Lloyd Melnick’s blog, The Business of Social Games and Casino, touched on this recently, aptly pointing out that blue ocean is “all about turning non-customers into customers.” This is happening organically for games that are focused on connected, multiplayer experiences, such as Fortnite, League of Legends, and Pokémon Go. Outside of gaming, companies like Scener, which provides a virtual movie theater experience to watch streaming shows and movies together via video and chat, are reinventing products to meet new consumer demand.

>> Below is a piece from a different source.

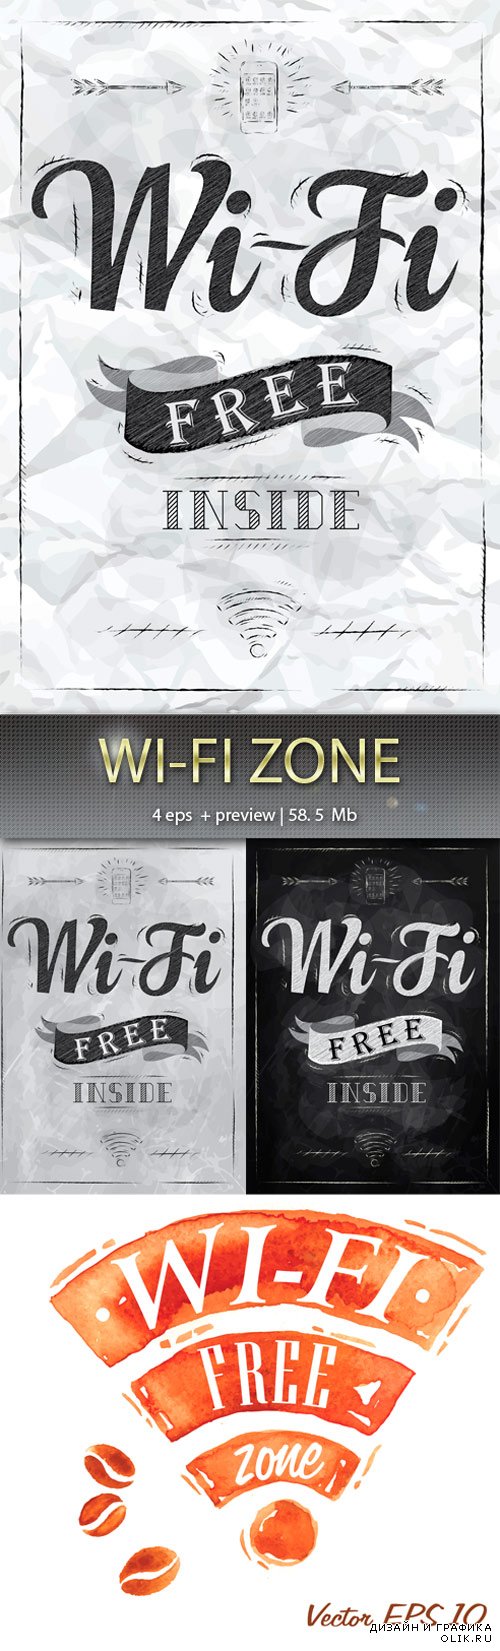 Wi – Fi  зона  - Wi-Fi zone

Future work and spending funnel toward creation. Economic impacts of the pandemic and changes in the cost of doing business are also enabling opportunities. Some employees simply won’t return to the office, which may allow companies to reduce their real estate and office overhead. Advertising demand is declining, driving down costs for companies that are still looking to spend. Game companies now have the opportunity to re-examine their budgets and allocate money away from high-cost, low-performing line items and toward more creativity and innovation.

More intergenerational play. Families miss each other, and billions of people around the world are looking for ways to keep family ties strong. Grandparents want to play virtual board games with their children and grandchildren. Tweens are willing to take a break from Fortnite to engage with relatives on other digital platforms. With most travel and group gatherings limited for the foreseeable future, we’re going to see more and more interest in gameplay between generations — and new connected games that cater to this trend.

Faster, smoother experiences are around the corner. 5G is on the horizon, and we’re likely to see it come sooner than originally planned. The increasing demand for fast at-home connectivity for the millions of people working or attending school from home has prompted the federal government to shorten the runway for 5G deployment in many areas. A widespread 5G roll-out in the near term means bandwidth issues will no longer stand in the way of smooth, high-quality online and connected game experiences.

A new crunch time dynamic. In the games industry, where employee value is often measured by the willingness and ability to meet crunch time demands for development deadlines, productivity is now being viewed in a new light. So much so that some companies have already pledged to make changes to work-life balance expectations. Still, for many people not accustomed to working from home, and work computers taking up residence in the bedroom, the lines between work and life are blurring more than ever before.

Whether businesses begin bringing people back into the office, or continue to support remote work, the crunch time dynamic is finally shifting for good. Developers will be hard pressed to enforce crunch time when teams are working from home. At the same time, employees who continue to merge their home and work lives will need to be empowered to set fair and sustainable work-life boundaries.

Permanent change is underway in gaming, entertainment and social interaction. Game companies that have the vision and grit to leverage these changes to reach new customers and innovate will have a significant lead now and in our post-pandemic world.